**DATASET CONTENT**
== Segment start ==
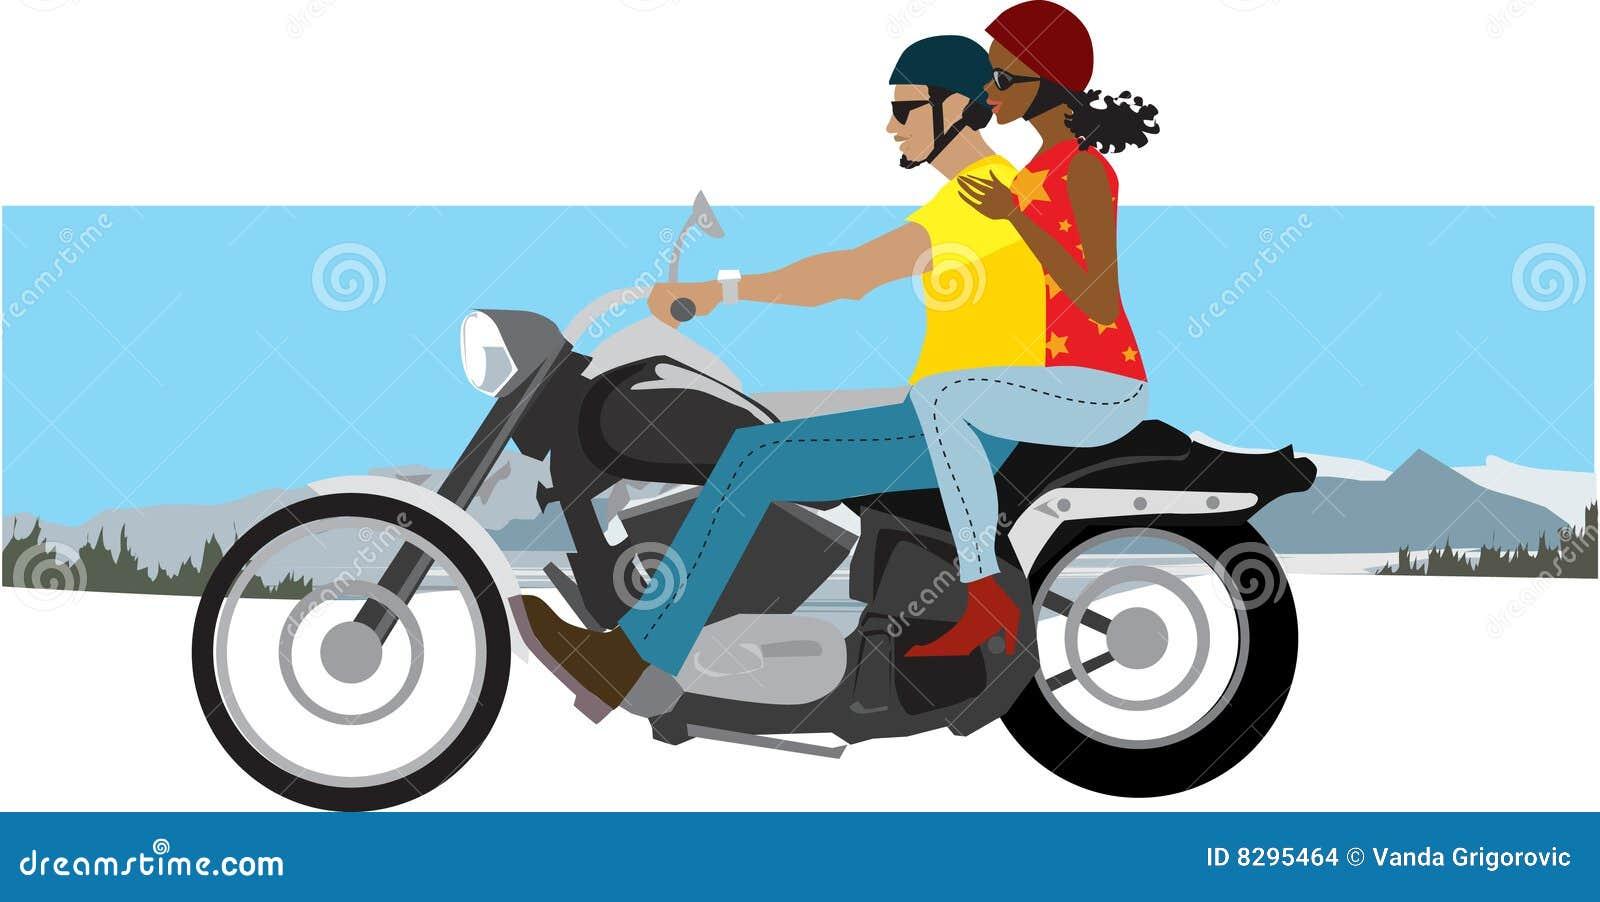 Motorcycle Wedding Invitations was luxury invitations template
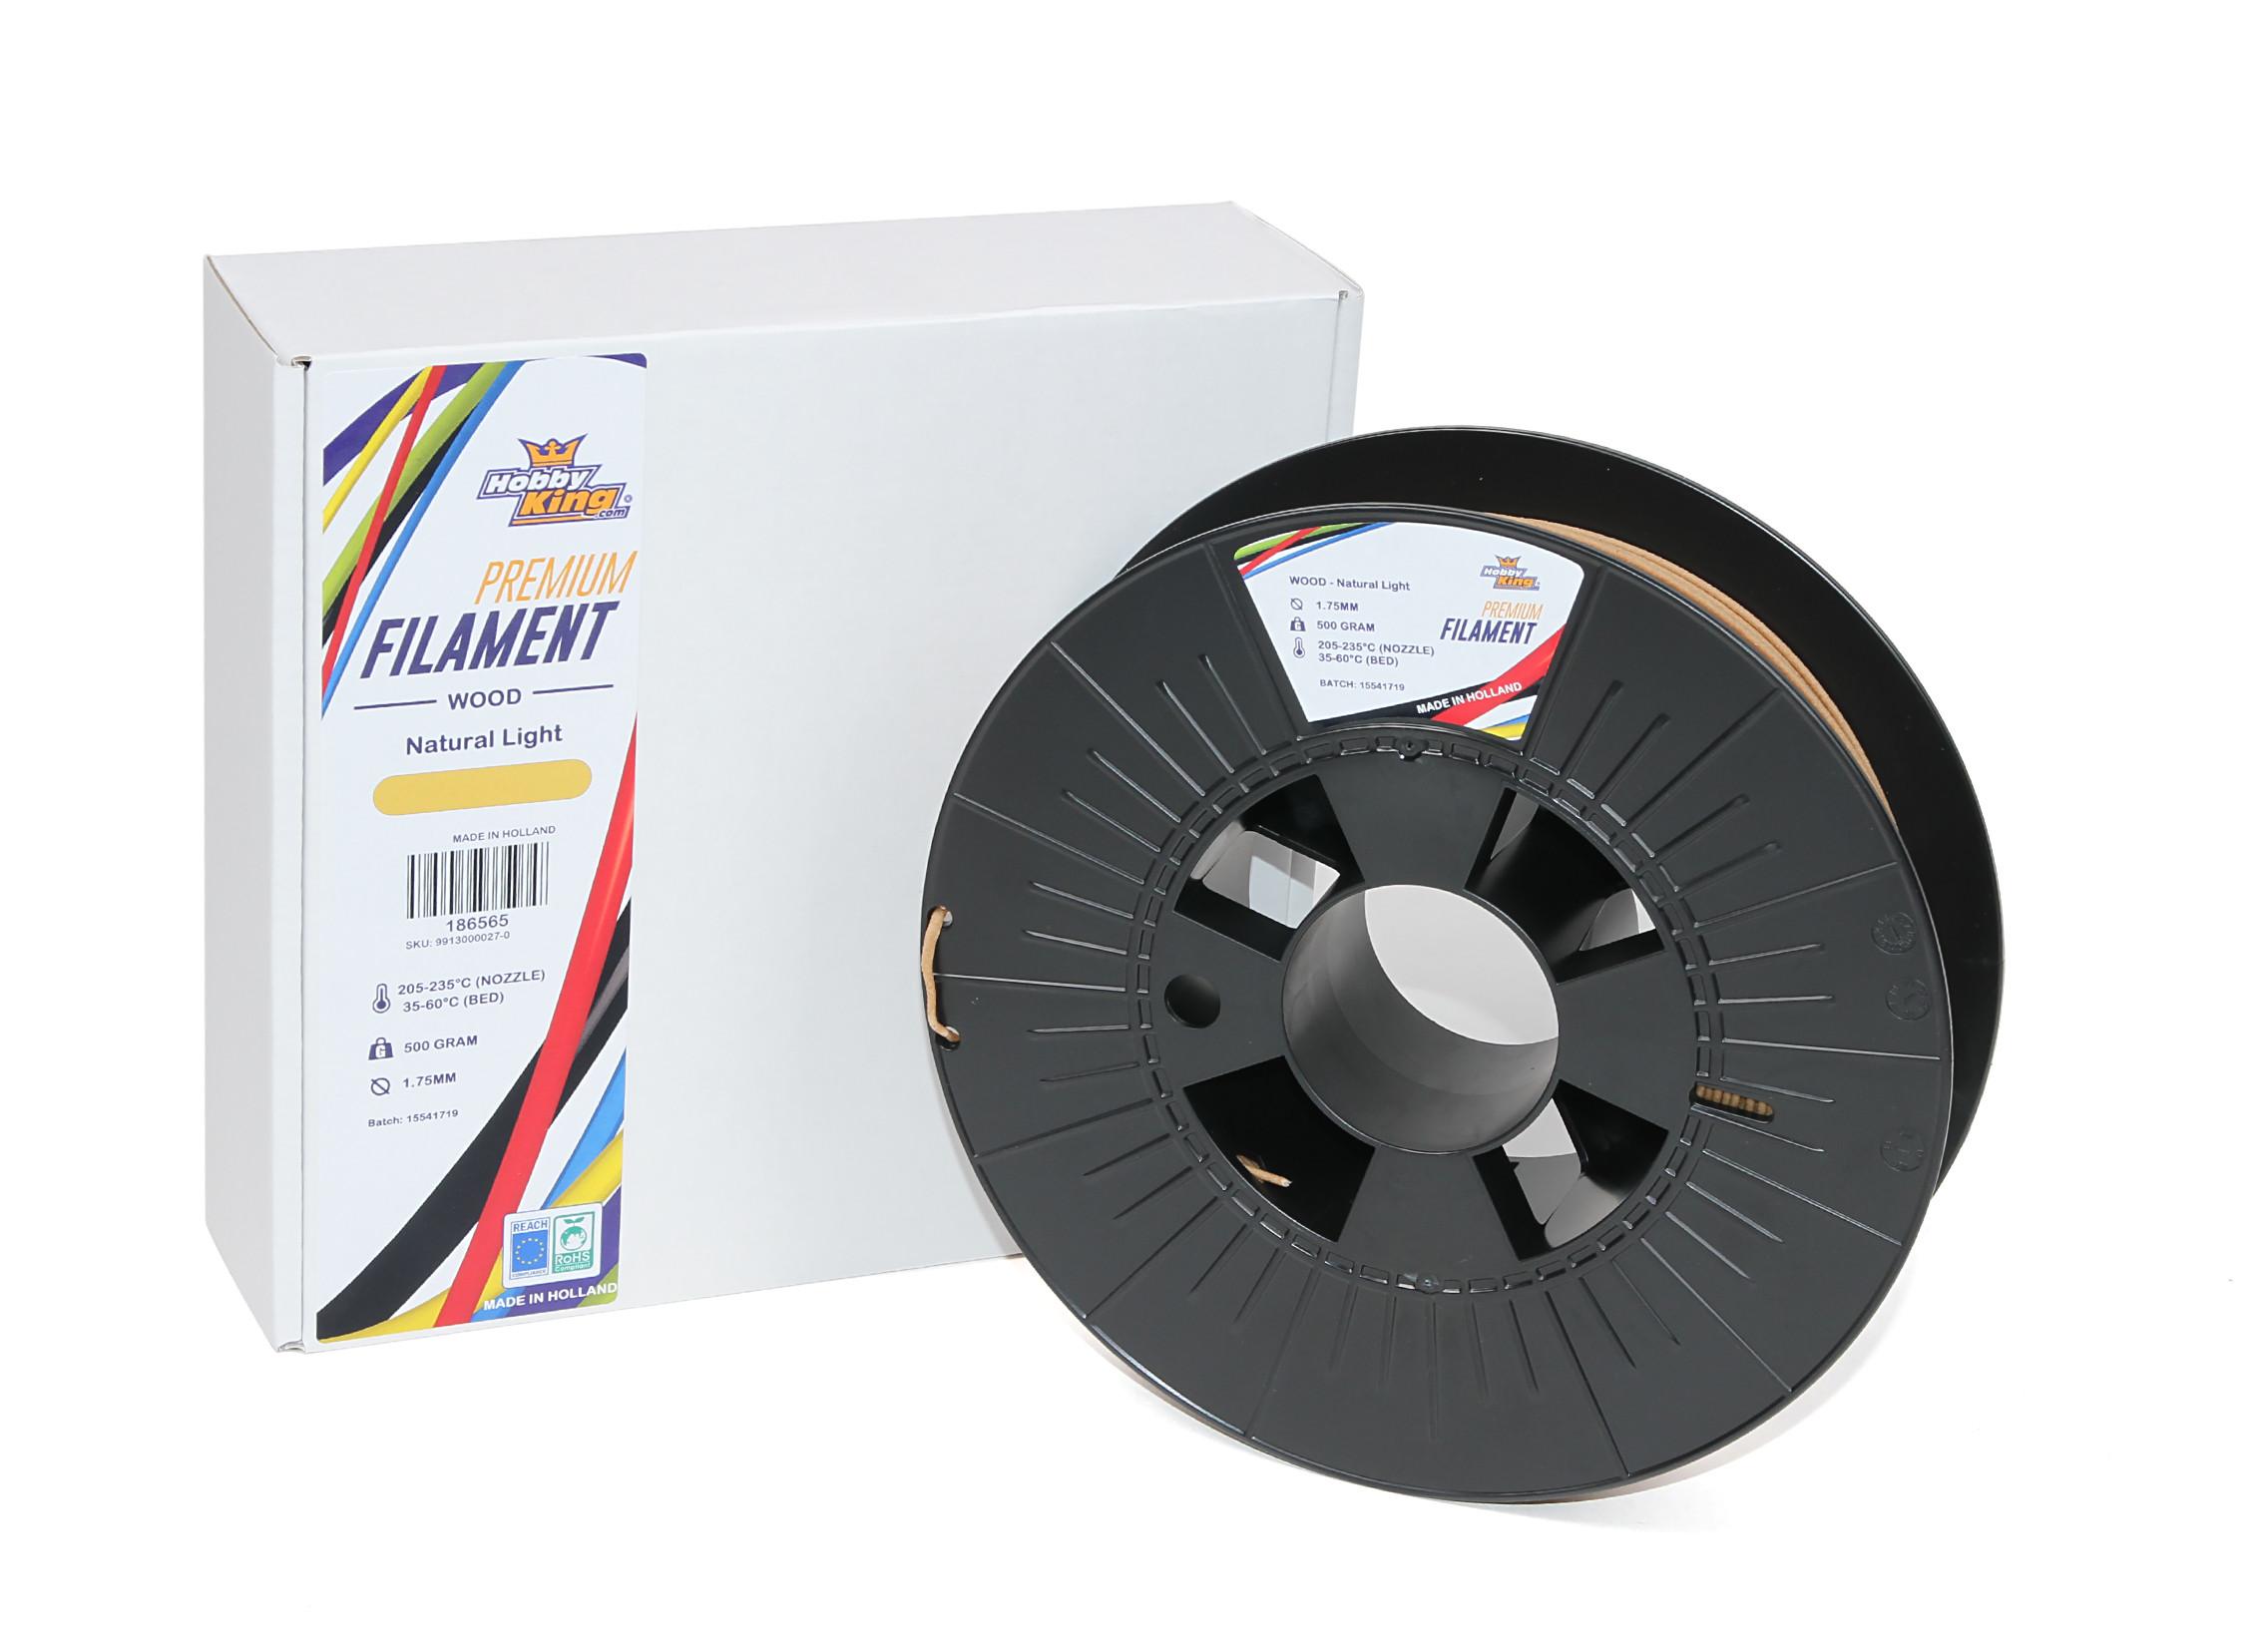 natural Dark Hk Premium 3d Printer Filament 1.75mm Wood 500g Spool Computers/tablets & Networking 3d Printers & Supplies
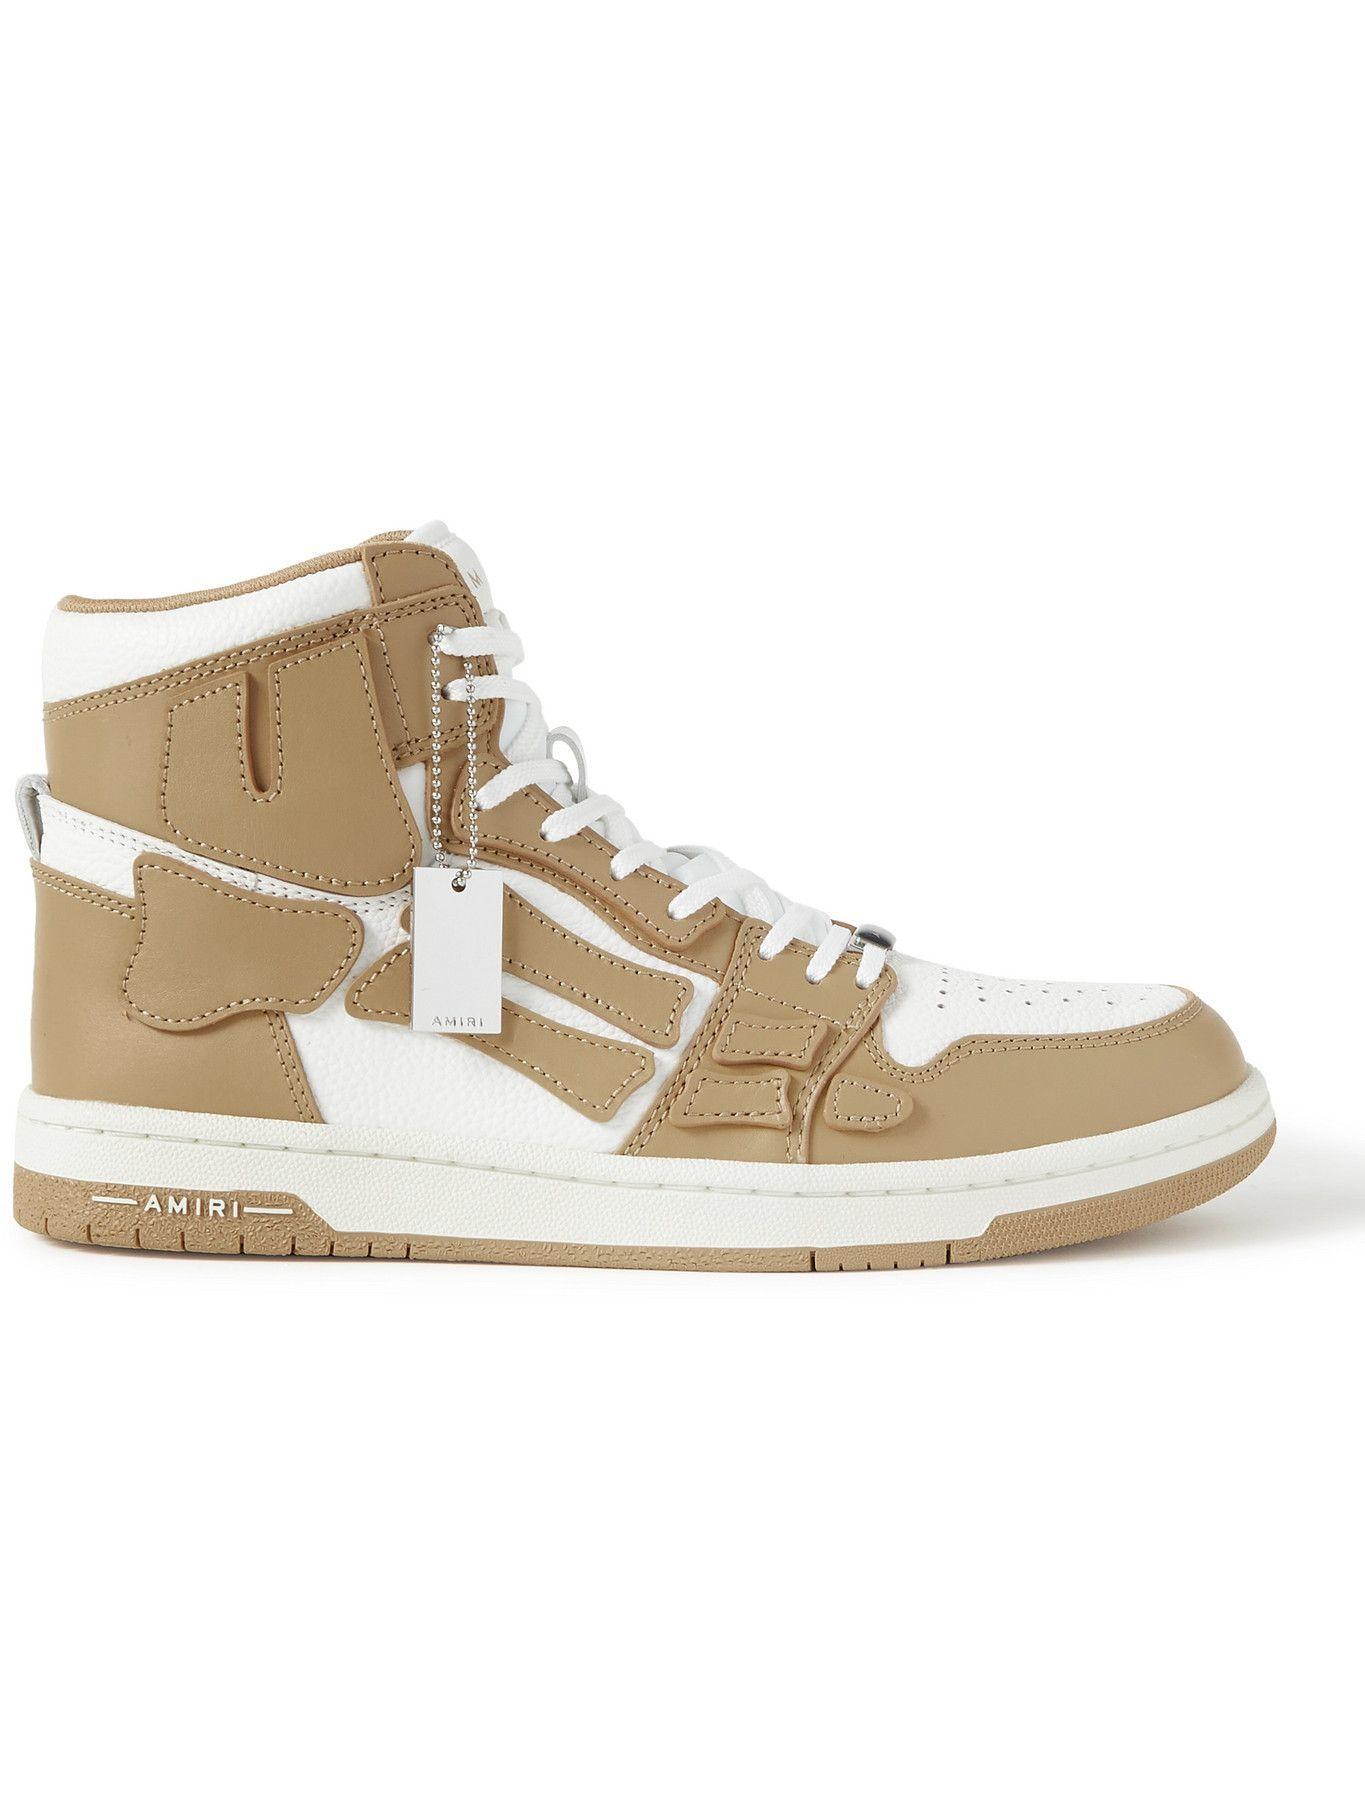 Photo: AMIRI - Skel-Top Colour-Block Leather High-Top Sneakers - Brown
== Segment end ==
**EXERCISE GOAL**
Transcribe the listing verbatim, pictures excluded.

**OUTPUT**
 Motorcycle Wedding Invitations was luxury invitations template
 natural Dark Hk Premium 3d Printer Filament 1.75mm Wood 500g Spool Computers/tablets & Networking 3d Printers & Supplies
 Photo: AMIRI - Skel-Top Colour-Block Leather High-Top Sneakers - Brown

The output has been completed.